For me the benefit of talking out loud would be more a matter of focus. I have an inner conversation anyway and so it would be just saying the same words as I am already saying on the inside (which might slow me down, but not an issue when the problem is difficult). The real point is that if I say the words then I am only going to say the words related to the problem. The words related to the distraction will not be said out loud. Therefore, making an effort to speak out loud means that there will be more focus on the problem because allowing my focus to wander onto distractions more obviously results in silence.

I definitely notice that it is at times when I am most struggling against a distraction that I start talking through my problems out loud.

I often "talk" to myself not out loud, but by typing my stream of thoughts into a text file, recording the questions I'm asking myself and the answers I'm coming up with.

Sometimes, just having a pen in my hand seems to improve the flow of thoughts, even if I don't actually write anything.

Two anecdotes are relevant here.

Lewis Carroll from the introduction to his Symbolic Logic:

If possible, find some genial friend, who will read the book along with you, and will talk over the difficulties with you. Talking is a wonderful smoother-over of difficulties. When I come upon anything——in Logic or in any other hard subject——that entirely puzzles me, I find it a capital plan to talk it over, aloud, even when I am all alone. One can explain things so clearly to one’s self! And then, you know, one is so patient with one’s self: one never gets irritated at one’s own stupidity!

And Henry Hazlitt from his Thinking As a Science:

Fortunately there is one method superior to any yet named, which requires no study before its application, and no paraphernalia during it. It consists in simply talking your thoughts as you think them. One who has not tried this can have no idea of its effect. It possesses almost all the advantages of writing. You cannot wander without realizing the fact immediately. It makes your thinking much less vague than if you thought silently, increases your vocabulary, always keeps pace with your ideas, and requires practically no attention.

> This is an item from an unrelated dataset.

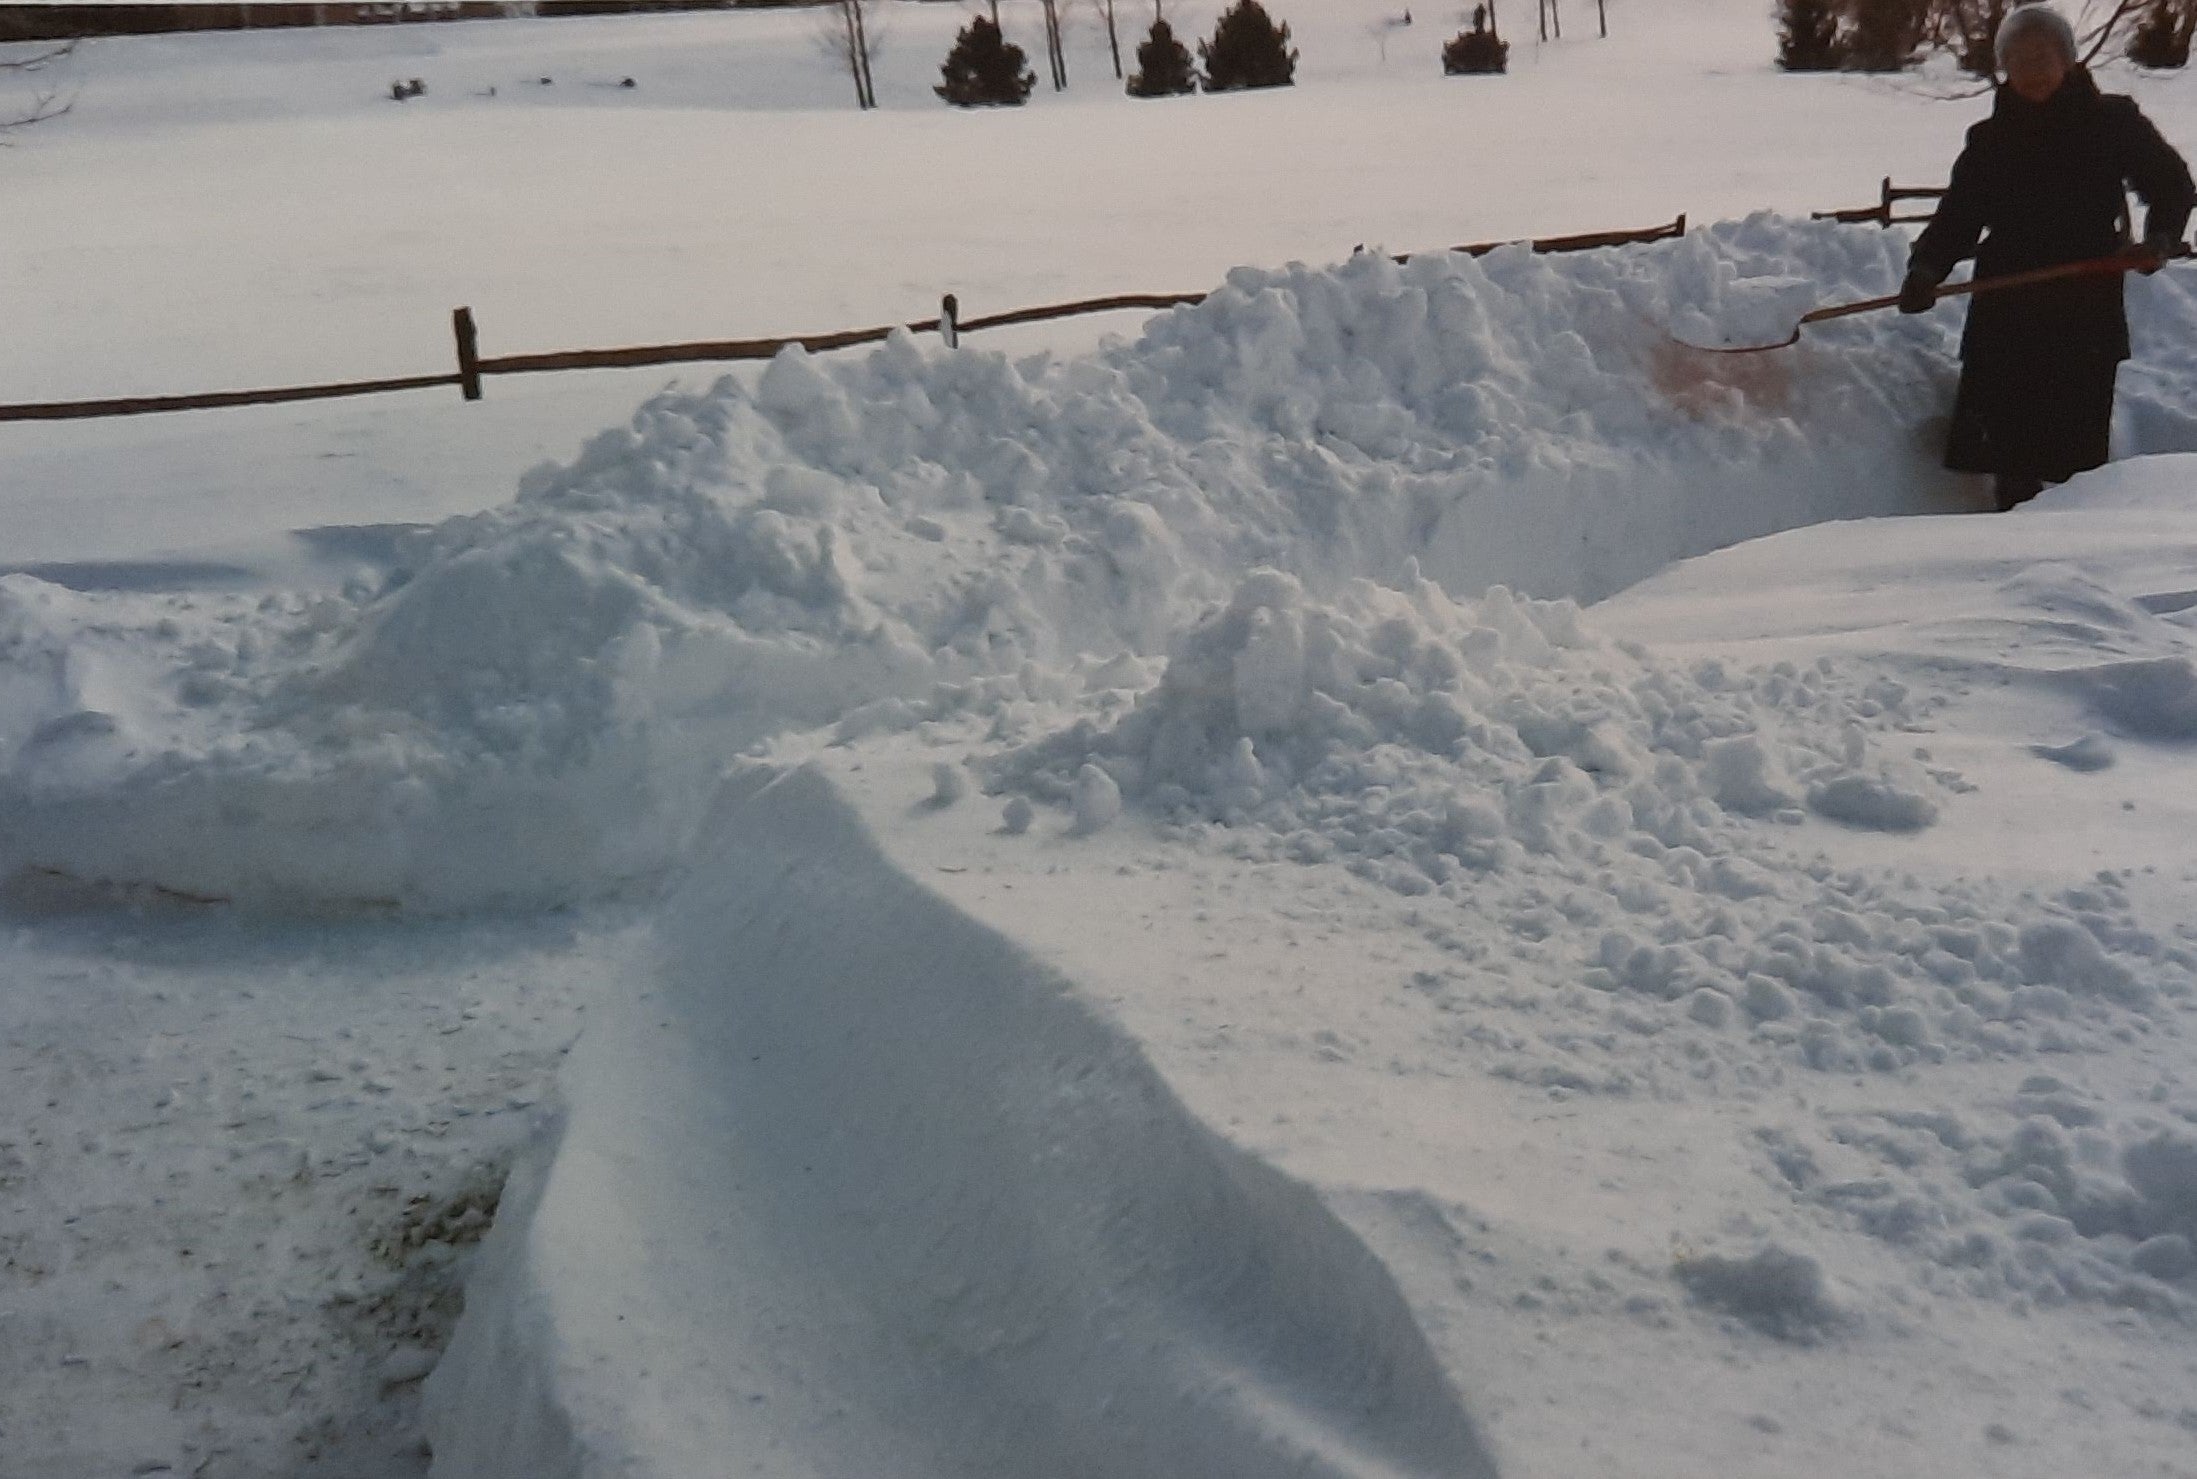 large snow drifts, and Dorothy shoveling

It may be objected that silent thinking itself is put in unspoken words. But this is not true. Part of silent thinking consists of unspoken words, but part of it consists of images, concepts and attitudes which pass through our minds and which we do not take the trouble to name. In silent thinking, too, there are also what appear to be occasional dead stops. All these processes drift into each other indefinably and are unrecognizable. When we talk we realize whether our images or concepts are vague or definite by our ability to name them, and we realize when our thought comes to a ^ dead stop' by the fact that we miss the sound of our own voice.

[...] Talking has one disadvantage — it cannot always be used. To practice it, you must either lock yourself up in your room, or sit alone in a forest or field, or walk along unfrequented streets and by-ways. You can by no means allow any one to hear or see you talking to yourself. If you are caught doing this some asinine idiot is sure to mistake you for one.

For me it helps to solidify and make things explicit. However when you need to chase after foggiest thoughts and manage "seeing the forest in the trees" not so much.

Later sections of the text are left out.